From the line containing "マーキュリーデュオ メガネ フレーム" to the line containing "Pirelli, Run Flat" in the records below, set down every line exactly as it stands, both ends included, and skip the pictures.

__Exercise material__:
-- Opening Marker --

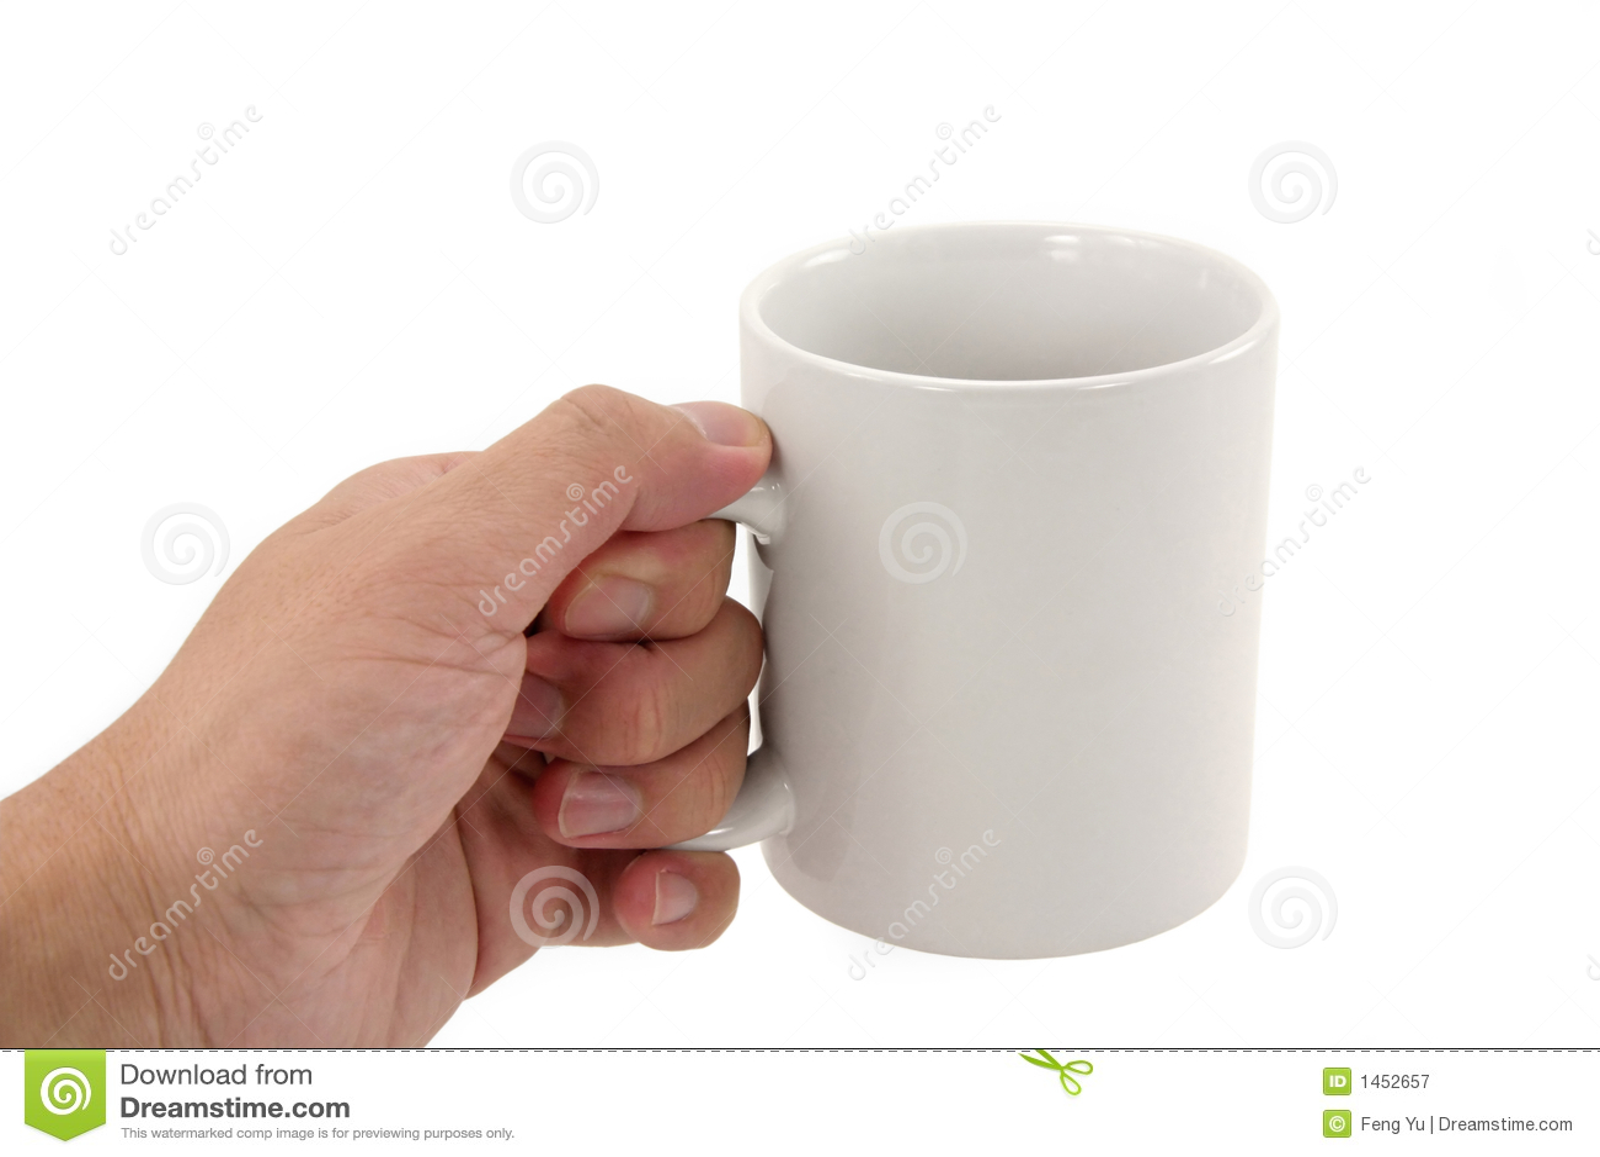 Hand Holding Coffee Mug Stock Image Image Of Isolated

-- Closing Marker --
-- Opening Marker --

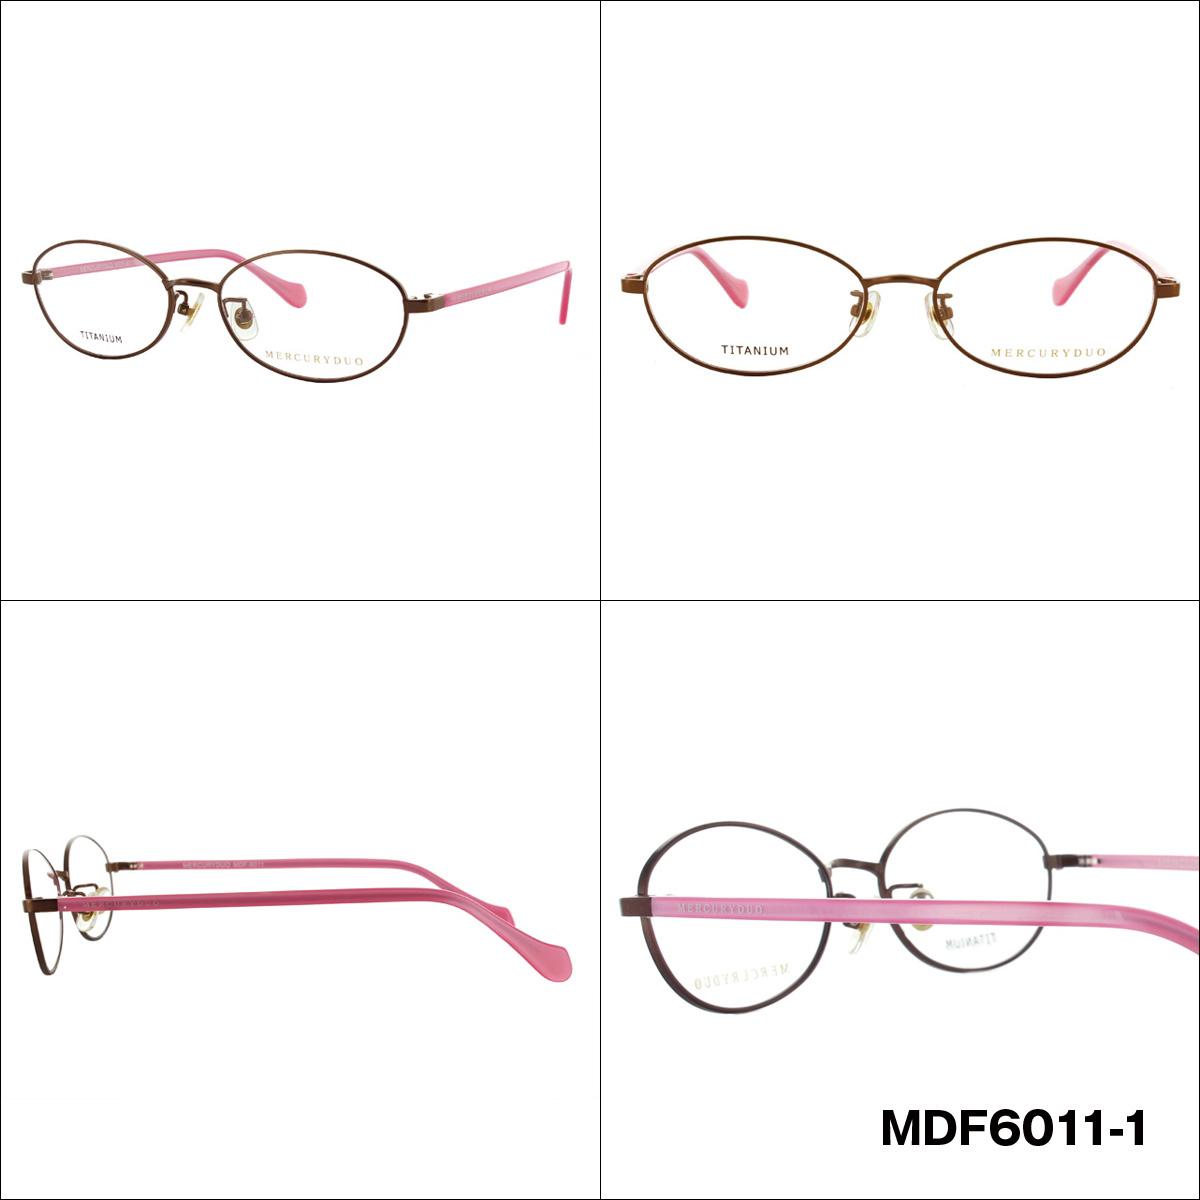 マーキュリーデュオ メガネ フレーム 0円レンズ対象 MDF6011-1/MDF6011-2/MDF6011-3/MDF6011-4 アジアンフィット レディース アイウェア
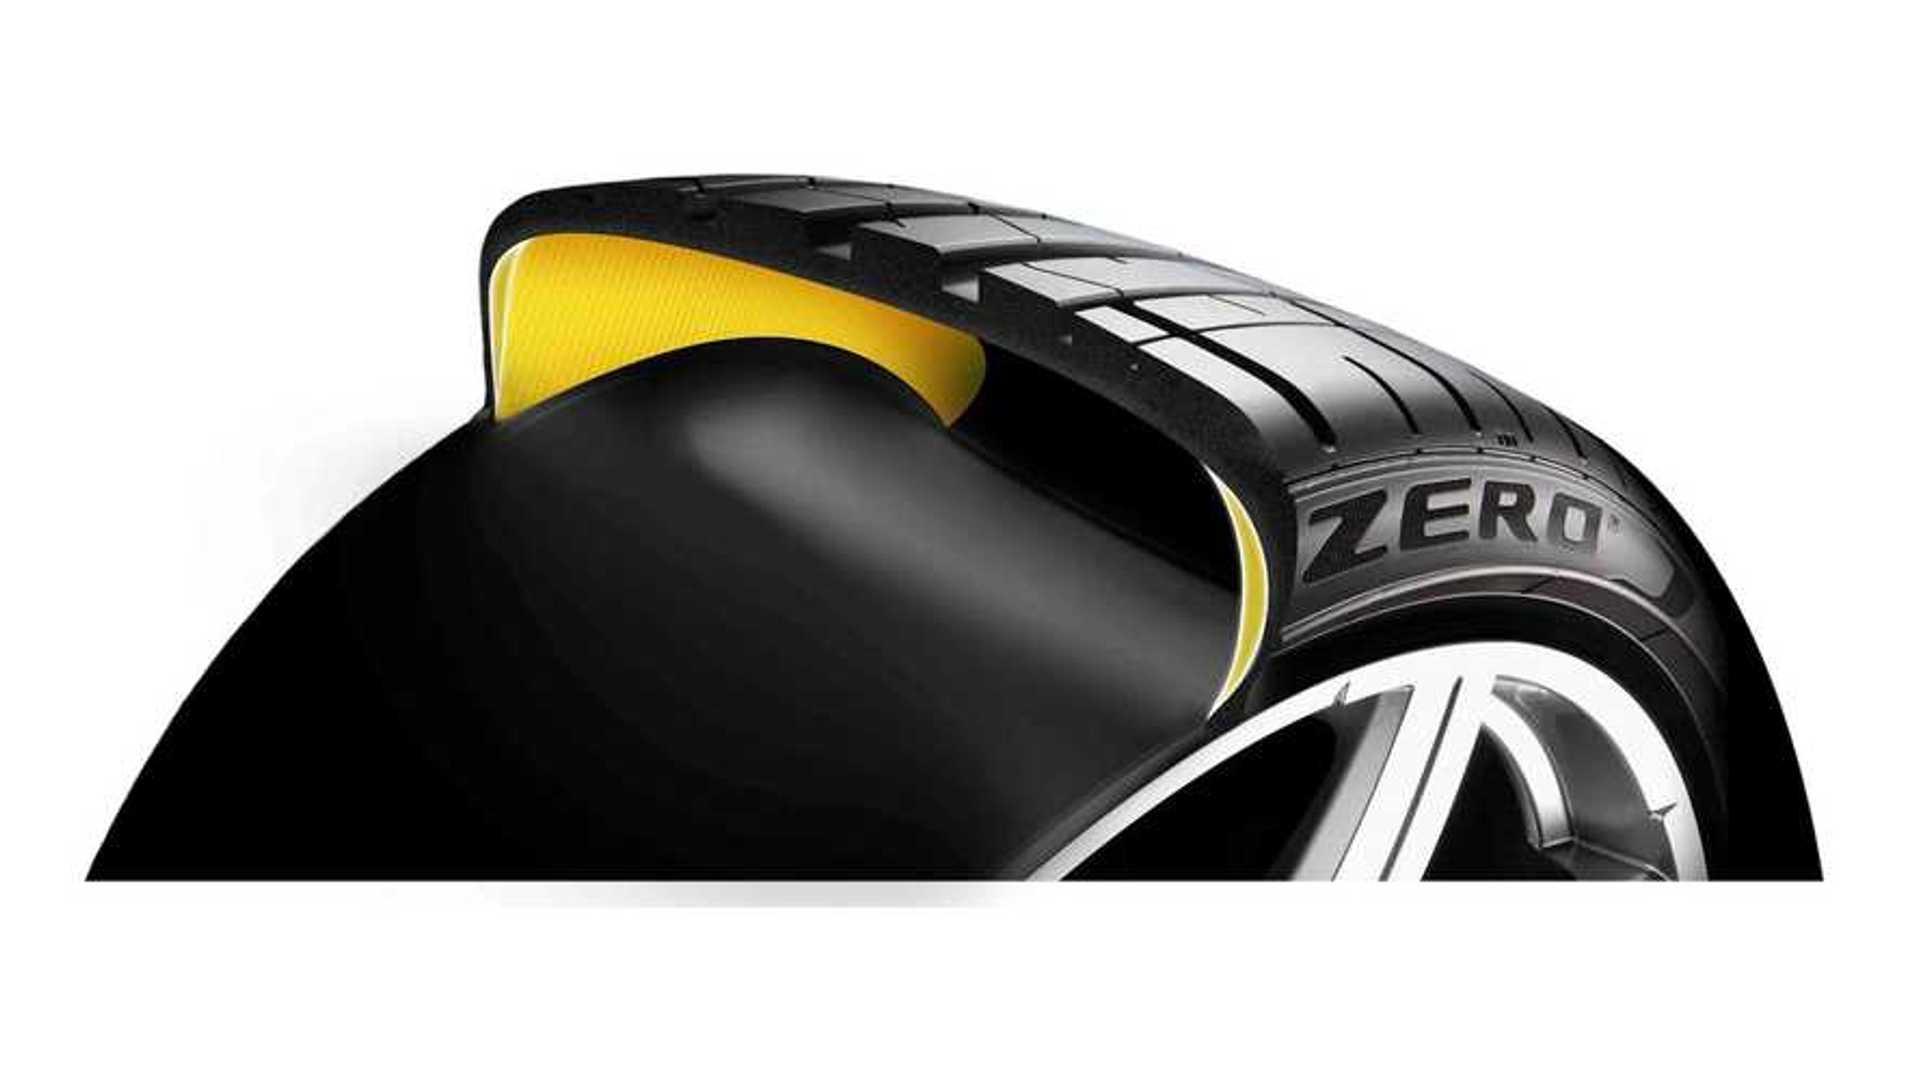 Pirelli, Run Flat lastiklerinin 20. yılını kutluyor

-- Closing Marker --

__Answer for the task__:
 マーキュリーデュオ メガネ フレーム 0円レンズ対象 MDF6011-1/MDF6011-2/MDF6011-3/MDF6011-4 アジアンフィット レディース アイウェア
 Pirelli, Run Flat lastiklerinin 20. yılını kutluyor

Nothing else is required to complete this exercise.